Иногда, вызывал лифт и с грустной улыбкой отправлял светлую пустоту, словно конверт без письма, на 23 этаж, где жила моя любимая.
А сам поднимался по ступенькам, подобно вору, странному, робкому.
Порой я соревновался с лифтом, кто быстрее: меня это забавляло и утвлекало от боли: я был нежно измотан, бегая по этажам за лифтом. Я так не уставал порой и в сексе с любимой. А она и не знала чем я занимаюсь ночью, совсем рядом с ней…
Лифт был моим молчаливым, чуточку отсталым другом по отчаянию, ласковым призраком моего умершего ангела-хранителя.
Забавно было, когда лифт, счастливый, и словно бы улыбающийся мне, как бы говорил на самом верху: давай поиграем ещё, хозяин!
Но лифт вызывал кто-то неведомый и вмиг пропадала его светлая улыбка, и он покорно шёл к незнакомке, или к незнакомцу.
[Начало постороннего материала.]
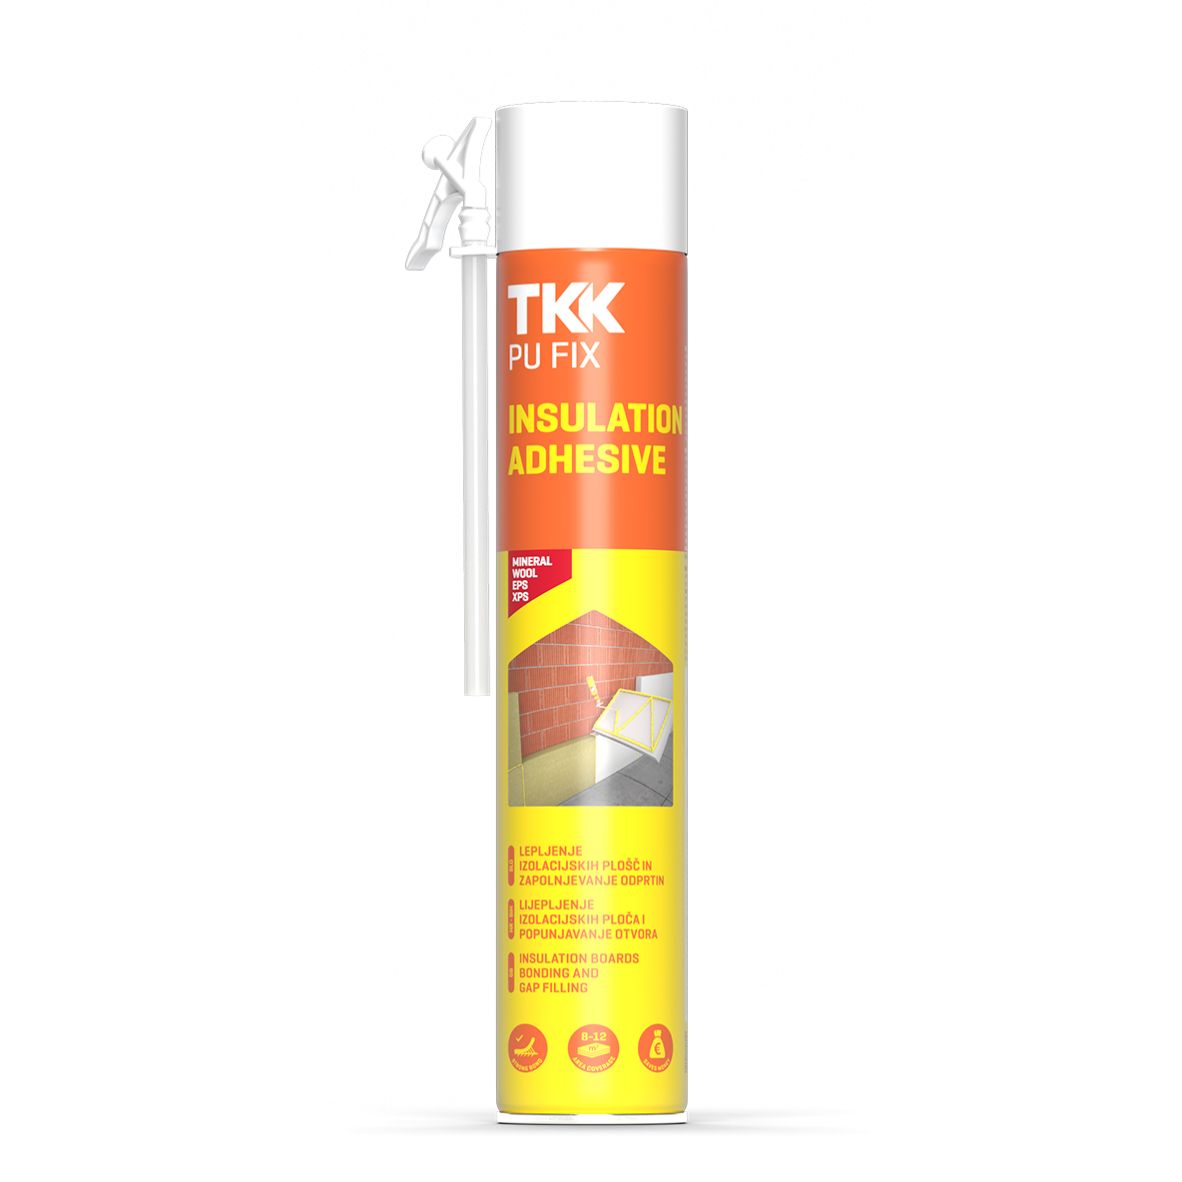 TKK Pu Fix Insulation Adhesive H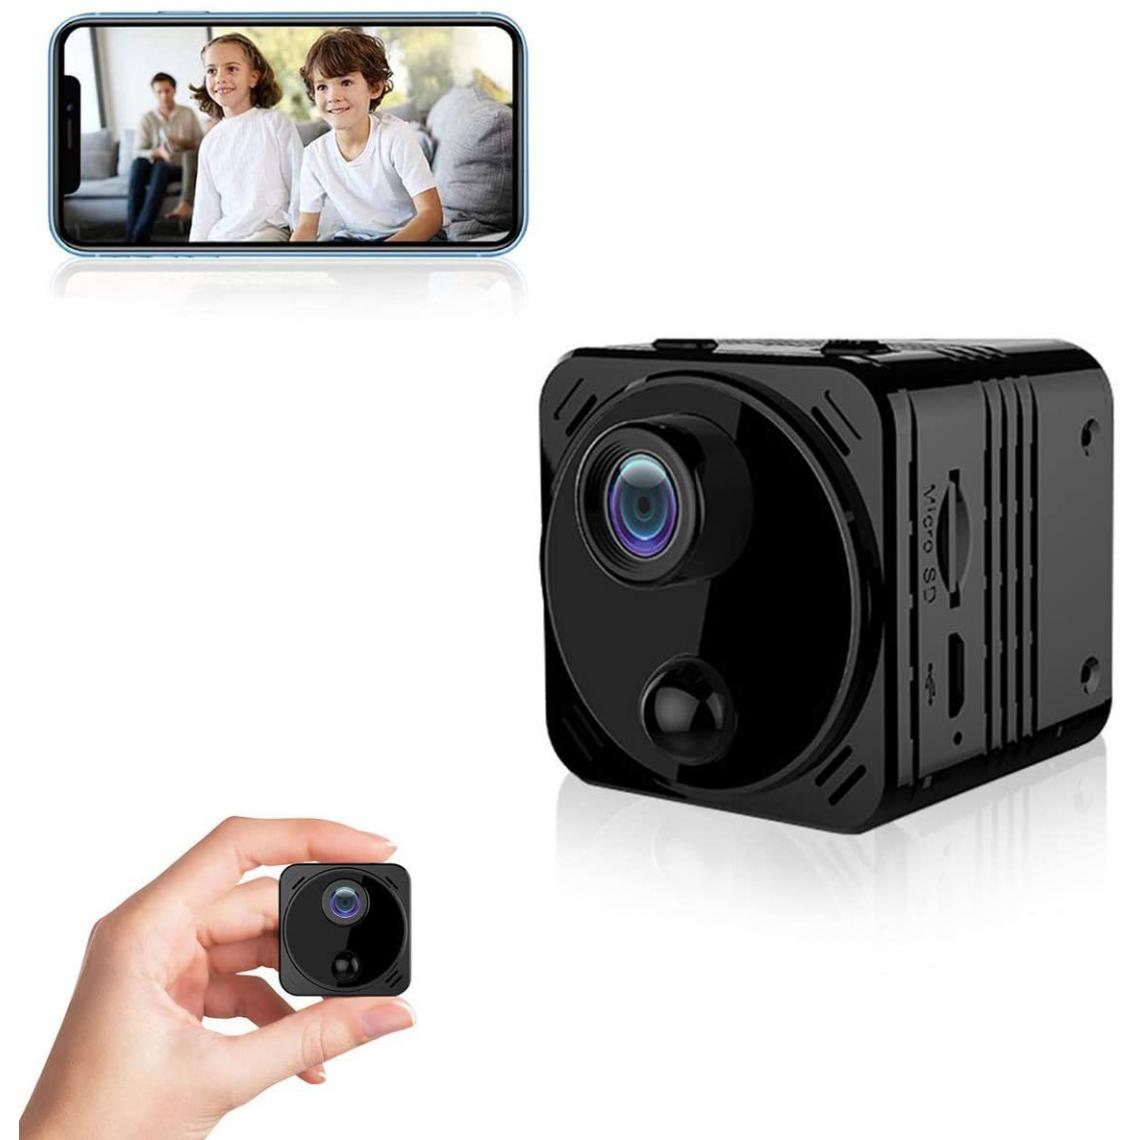 Chrono - Caméra espion Mini caméra cachée 4K WiFi 1080P Caméra de sécurité à domicile avec application téléphonique, coupure infrarouge, vision nocturne, caméra nounou/détection de mouvement de caméra(Noir) - Autres accessoires smartphone

Казалось, что и меня в ночи кто-то окликнет, вызовет, ласково коснувшись плеча в темноте, со спины…
Но никто не окликал.
Некоторые этажи словно были вычеркнуты из существования: там не было лампочек и царила первозданная ночь, какая была до начала мира. Иногда в этой темноте кто-то неведомый плакал. Кто-то за дверью…
Подниматься во тьме было особенно увлекательно, словно и дома никакого нет, и любимой моей нет, а просто мне грустно и я пытаюсь что-то припомнить и закрыв глаза, поднимаюсь на небо.
Интересно, сколько идти до луны? Она так приветливо смотрит в окошко на лестничной площадке…
Примерно 9 лет. Я бы с Данте прогулялся. А лучше с Беатриче. И Данте придумал бы ещё один круг ада, десятый.
Неужели он никогда не ревновал? Как он мог вообще писать про ад, не познав ревность?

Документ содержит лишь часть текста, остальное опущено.